Everything in the records below from the line containing "Pauleen True Elegance" through the line containing "Clemson University Office" is to be reproduced exactly, those two lines included; no picture is to be copied.

**Extracted entries:**
────

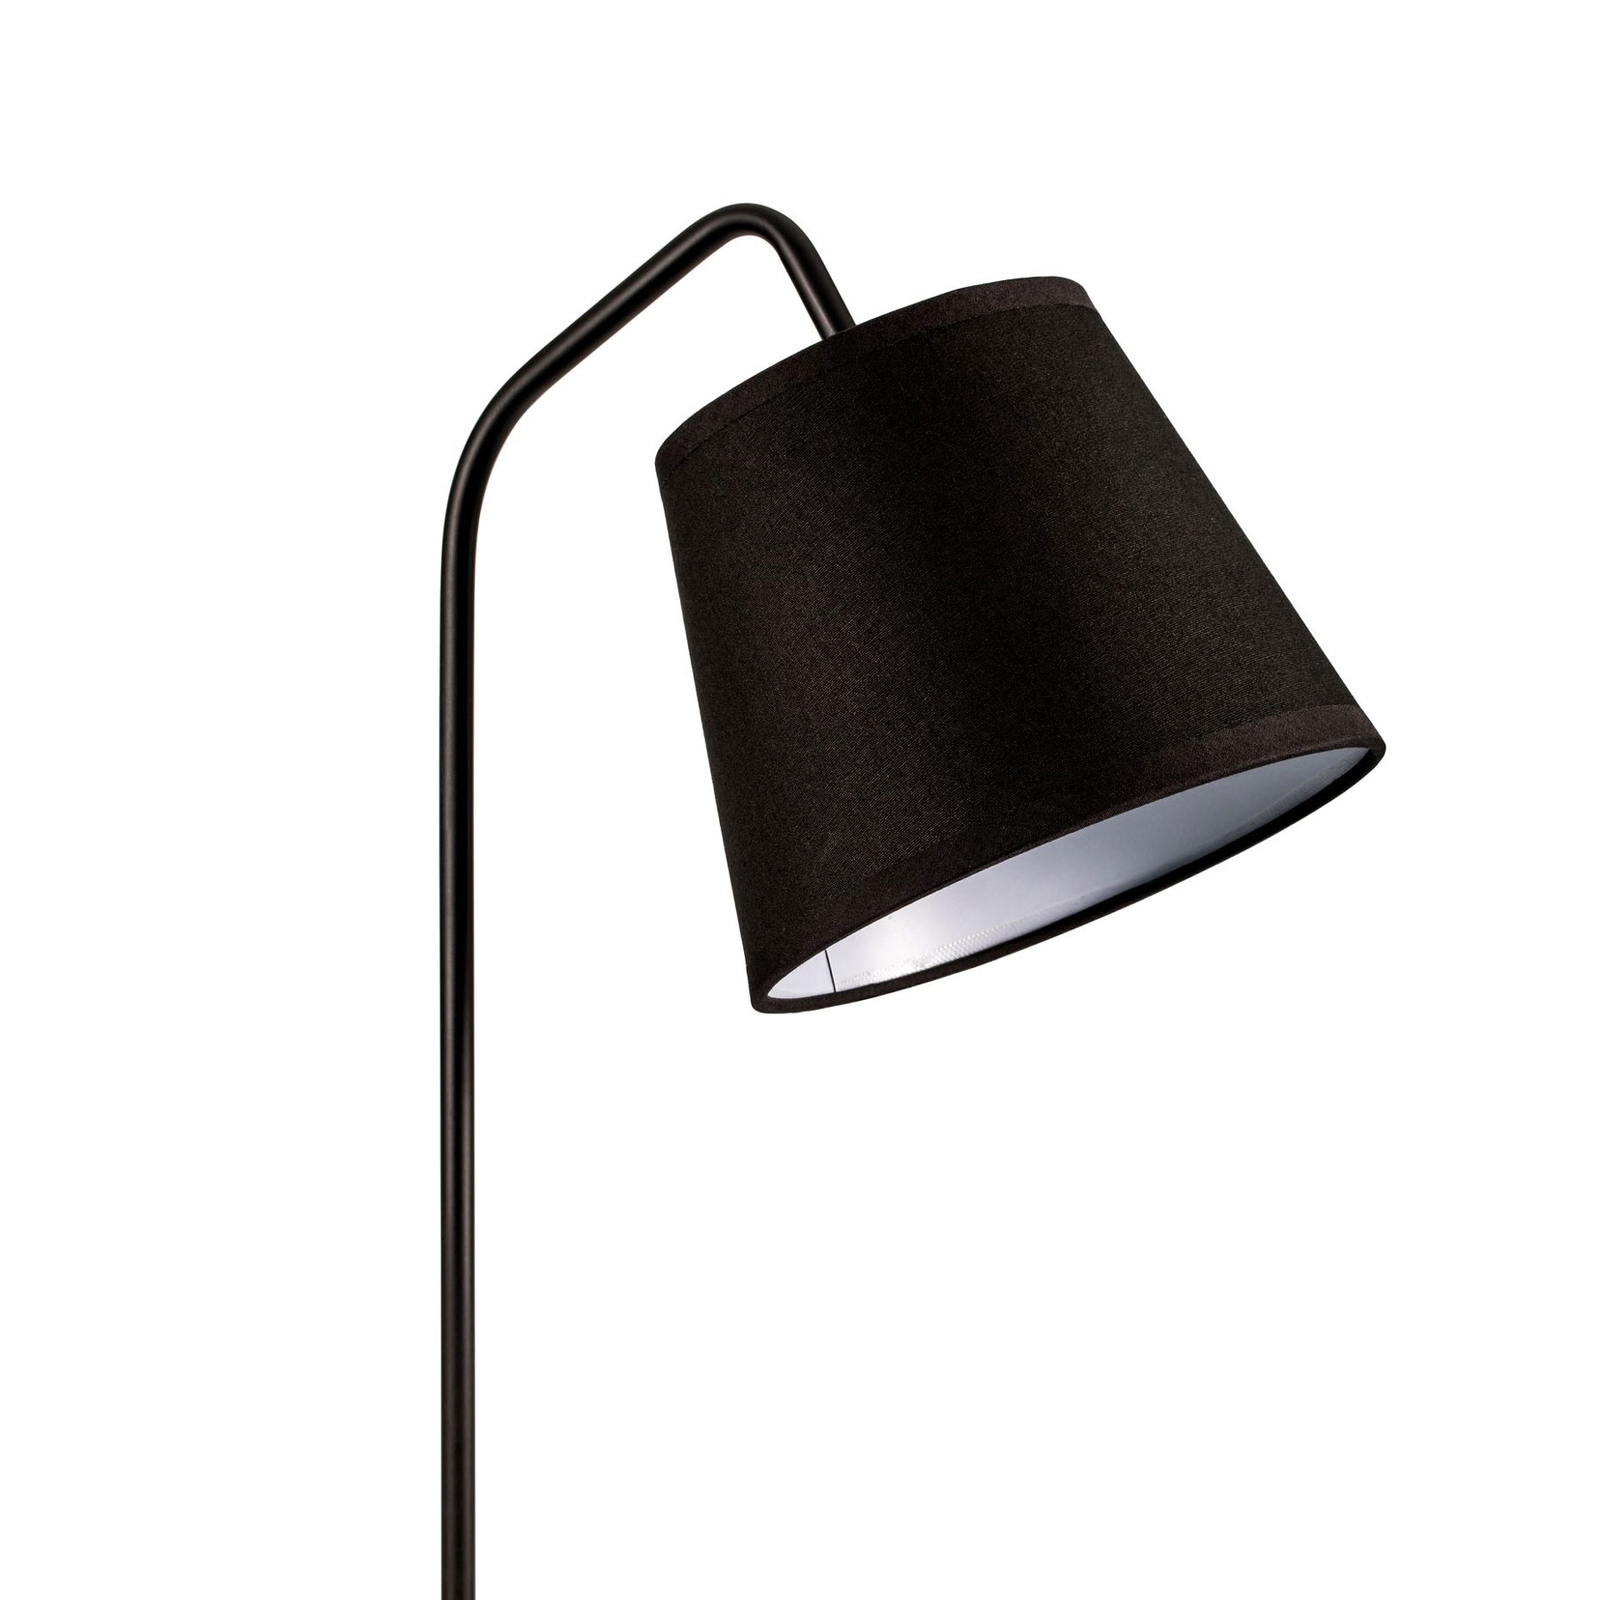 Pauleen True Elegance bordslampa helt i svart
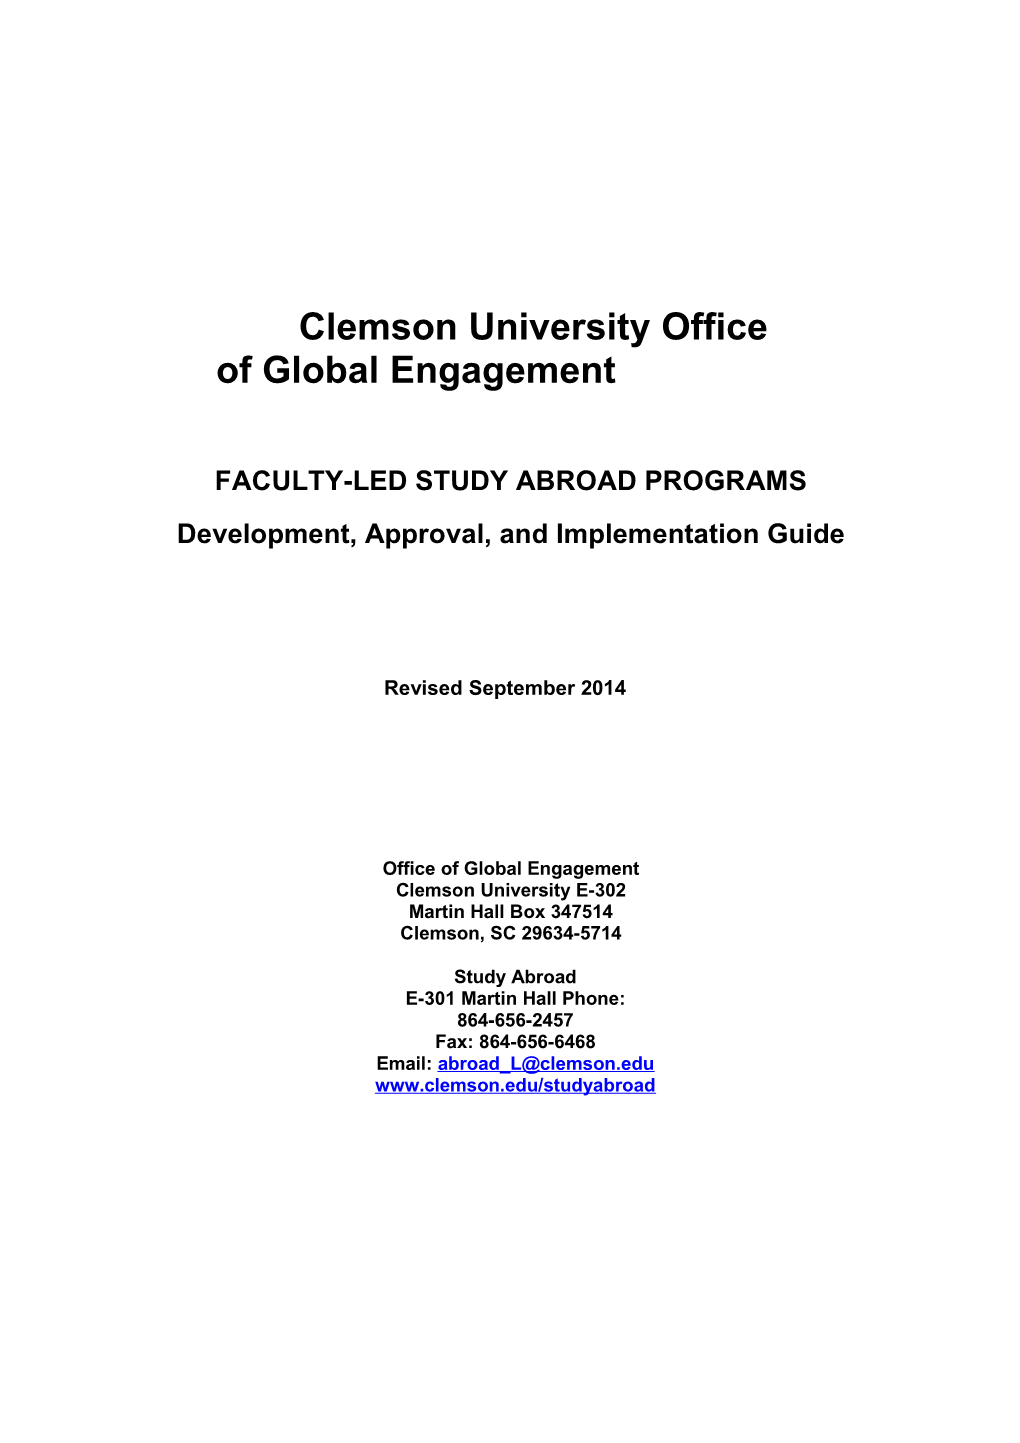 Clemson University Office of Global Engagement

────

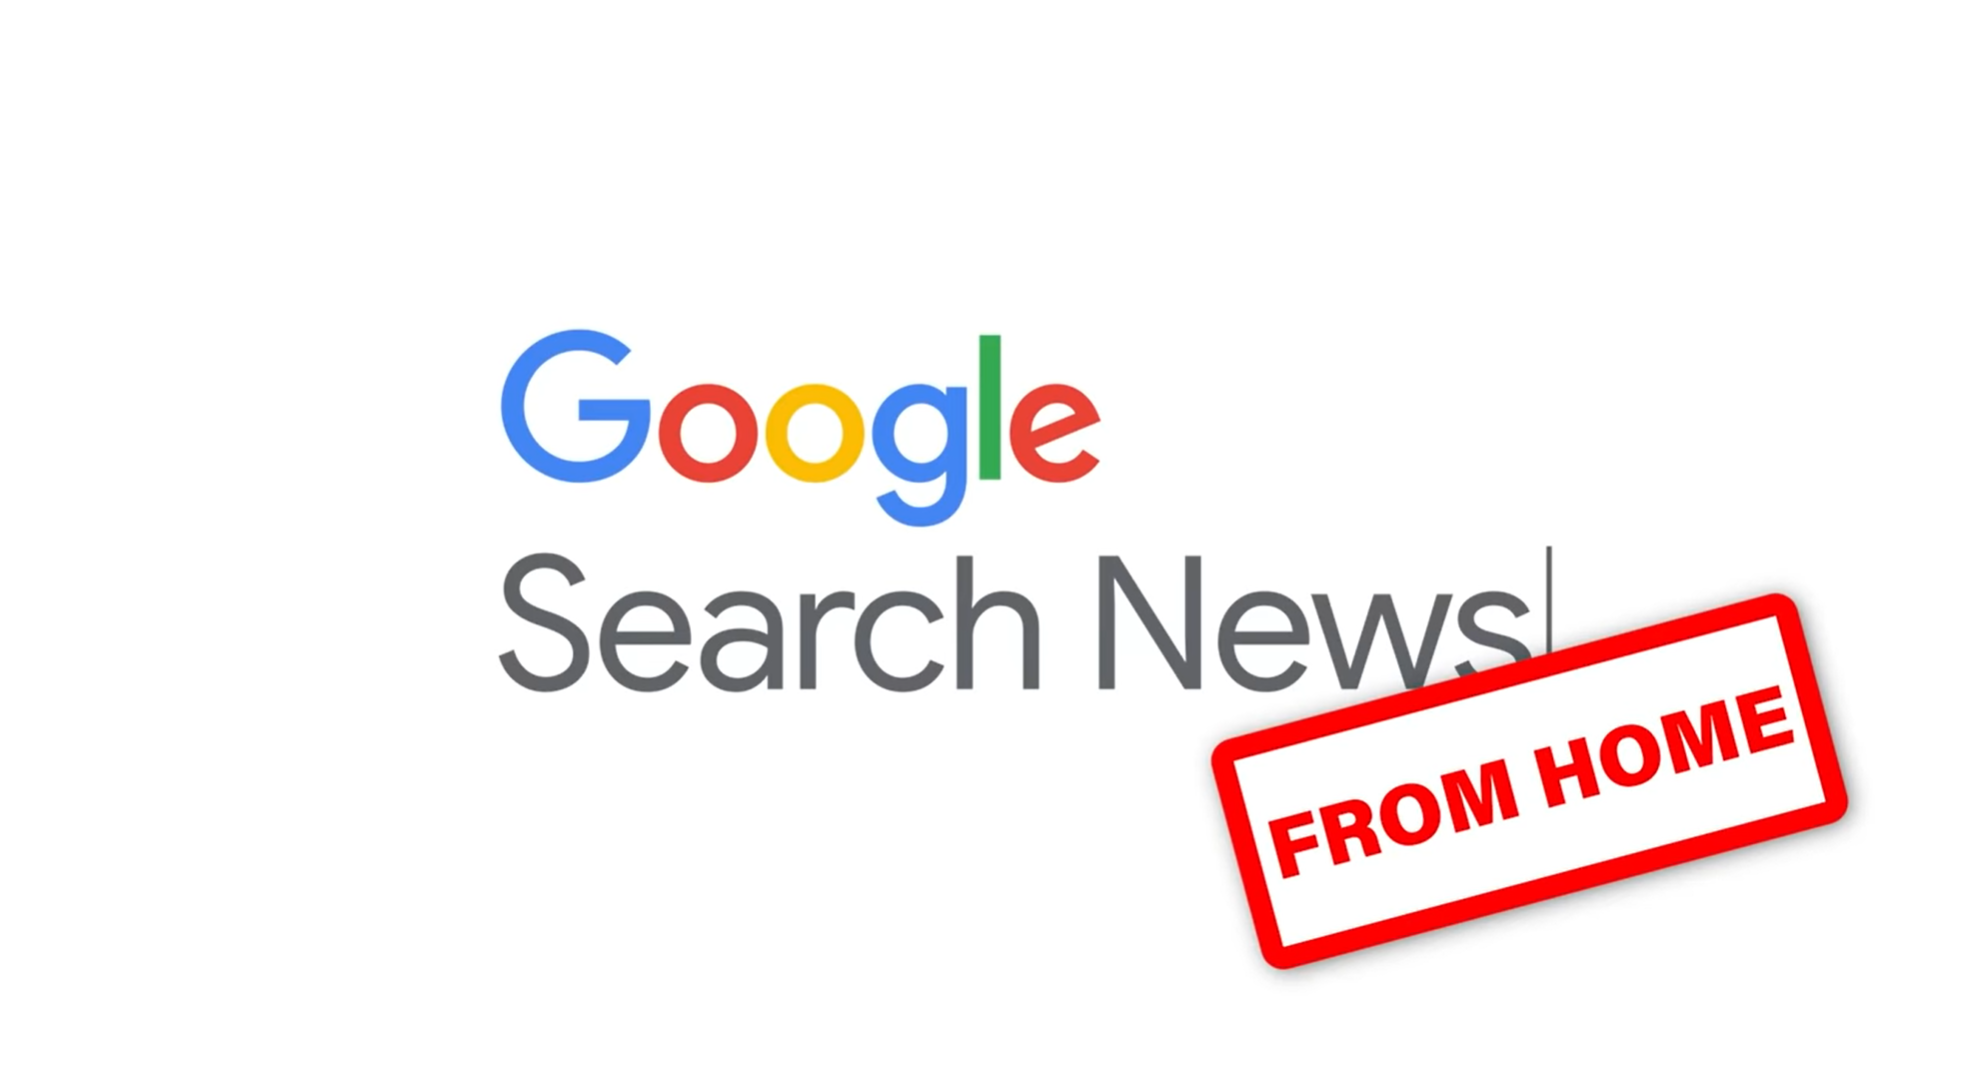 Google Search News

────

**Exercise answer:**
 Pauleen True Elegance bordslampa helt i svart
 Clemson University Office of Global Engagement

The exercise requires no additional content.